Borders creaking open after seven-month shut-down as Labour plans to woo overseas investors

After seven months of being shut tight, Jacinda Ardern is now promising to open our borders to people from overseas, and if Labour is elected, it would make room in our isolation facilities for critical workers.

It comes as Ardern features in a new Labour Party TV ad - a big deal for political parties - in which she tells New Zealanders how "together we went hard and early" to fight COVID-19. 

This election for Ardern is all about looking presidential. It's not shot in her ninth floor office at the Beehive, but it sure as hell looks like it.

"We've seen what we can achieve with a strong plan so let's stick together and let's keep moving," she says in the TV ad launched on Friday. 

Gone are the days of DJ Ardern. When you see her now, Labour wants you to think 'Prime Minister', and the party's policies reflect that. 

"Now is the time to sell our story to the world," Ardern told the businesses community in Auckland on Friday as political parties pitched their ideas for the economy. 

That means a creaking open of our borders, which Ardern described as "significant". 

Labour is promising to reserve 10 percent of beds in the state-run managed isolation facilities for workers deemed critical to our economic recovery. 

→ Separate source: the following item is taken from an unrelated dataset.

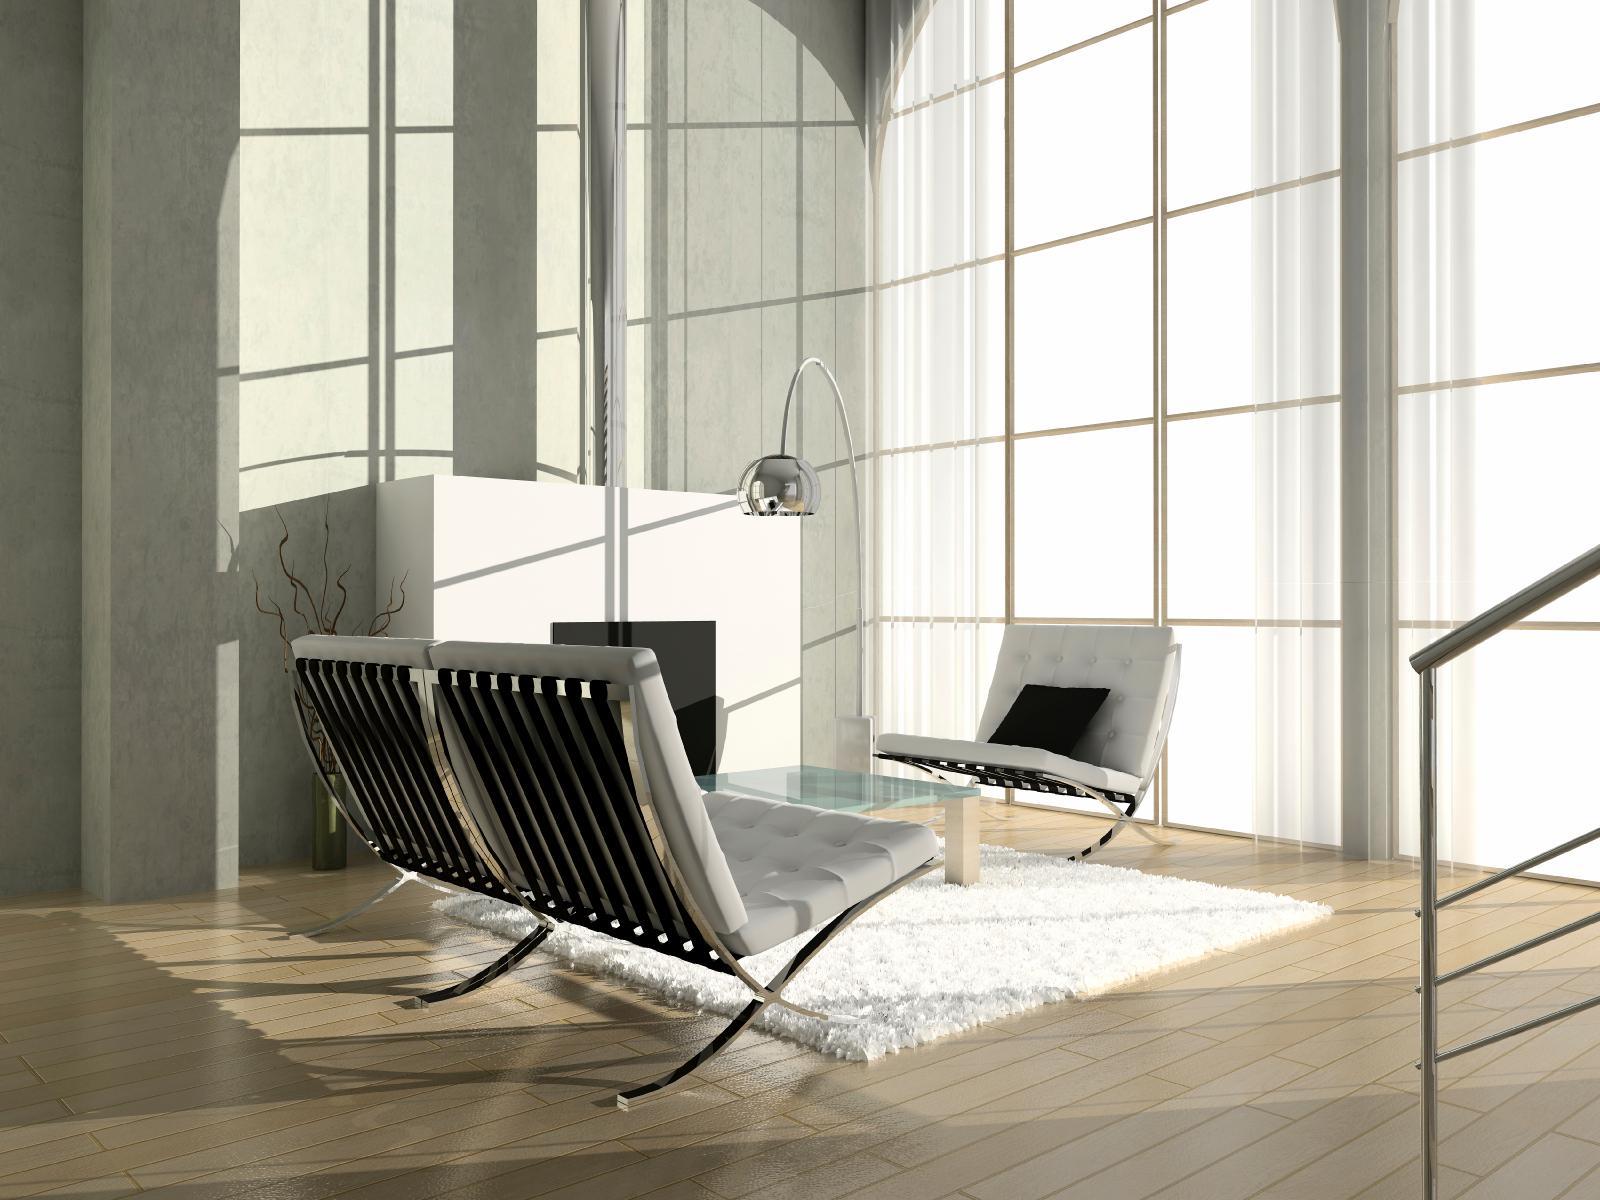 bewerten gutachten verkaufen immobilien einwerten immobilienvermietung immobilie bewerten. Black Bedroom Furniture Sets. Home Design Ideas
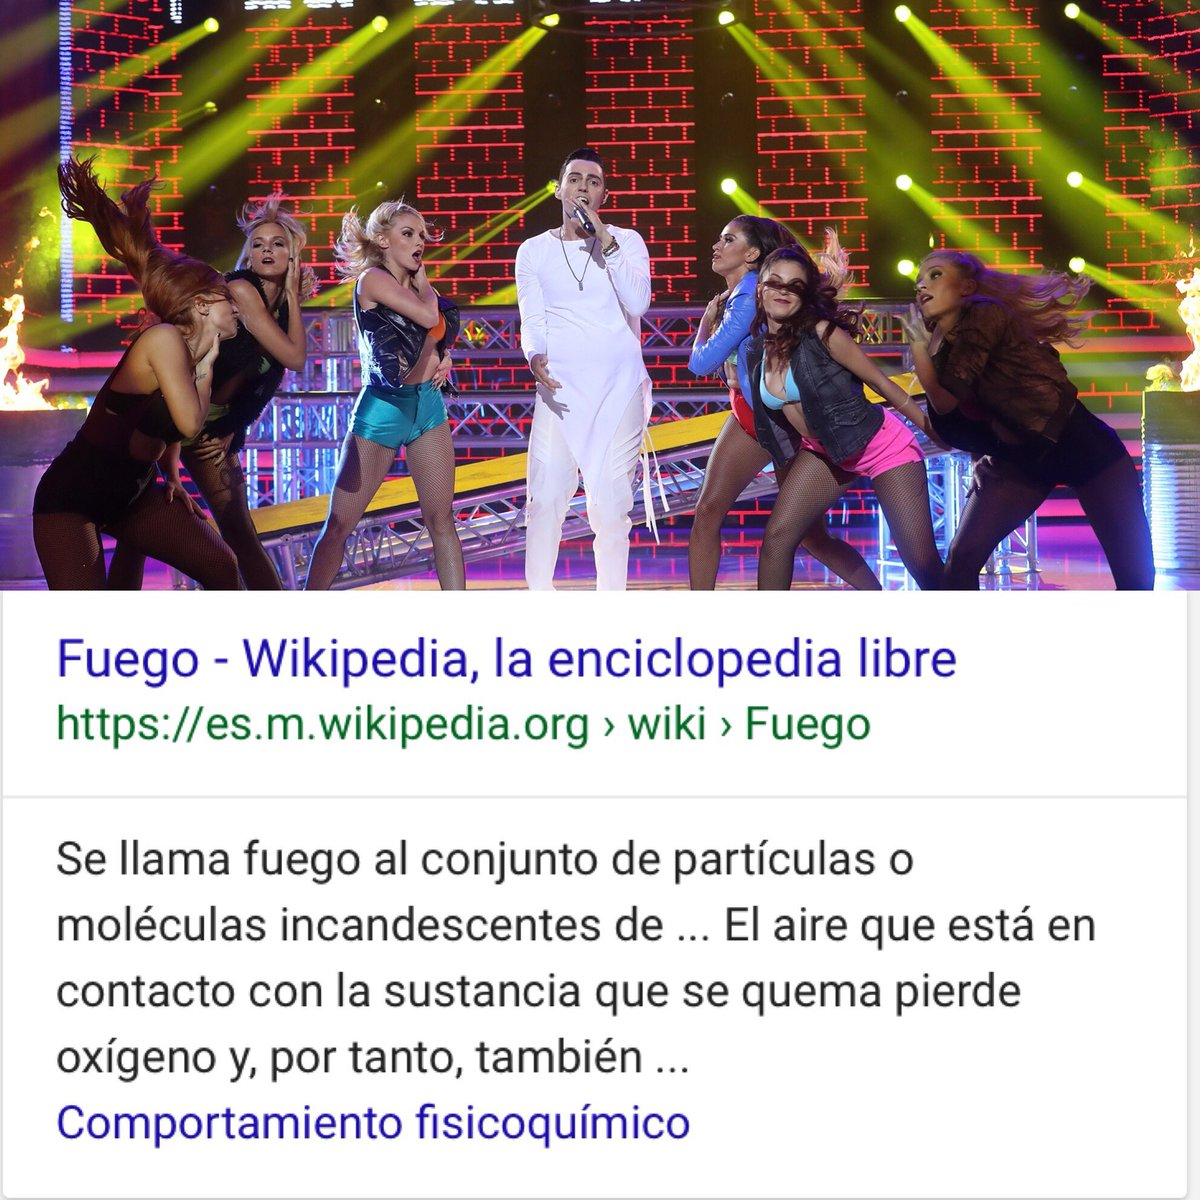 BOUM!! No lo digo yo, lo dice la Wikipedia!  #TCMS #malditoFuego #heclavadoLosCatchs #Flow #NuncademasiadoPickyPicky https://t.co/IYbN3dc9PA

We have room for 14,000 a month, so 1400 would be reserved for overseas workers, including from countries experiencing COVID-19 blow-outs, like the United States. 

Ardern is confident it won't open us up to more risk. 

"We are absolutely assured that our quarantine regime, first and foremost, is for the safety of New Zealanders," she said. 

The plan is to also woo business investors from overseas, like Microsoft which is setting up shop in New Zealand. Any personnel they bring with them would come under the 10 percent quota.

As for whether we could see more Silicon Valley-type doomsday preppers coming to New Zealand, Ardern said it's a possibility. 

"If it is a situation where it's an entity where there is a direct benefit to New Zealand then that's when we should be having that conversation," she said. 

That's a yes.

New Zealand is already a haven for the super-rich to escape to come the apocalypse, and this is a passport for more of them.

National Party leader Judith Collins agrees we need help rebuilding. 

"We cannot have fortress New Zealand forever," Collins said on Friday. 

So, whether it's National or Labour, the borders will be likely be wedged open. But it's no piece of cake - the borders still present our greatest risk.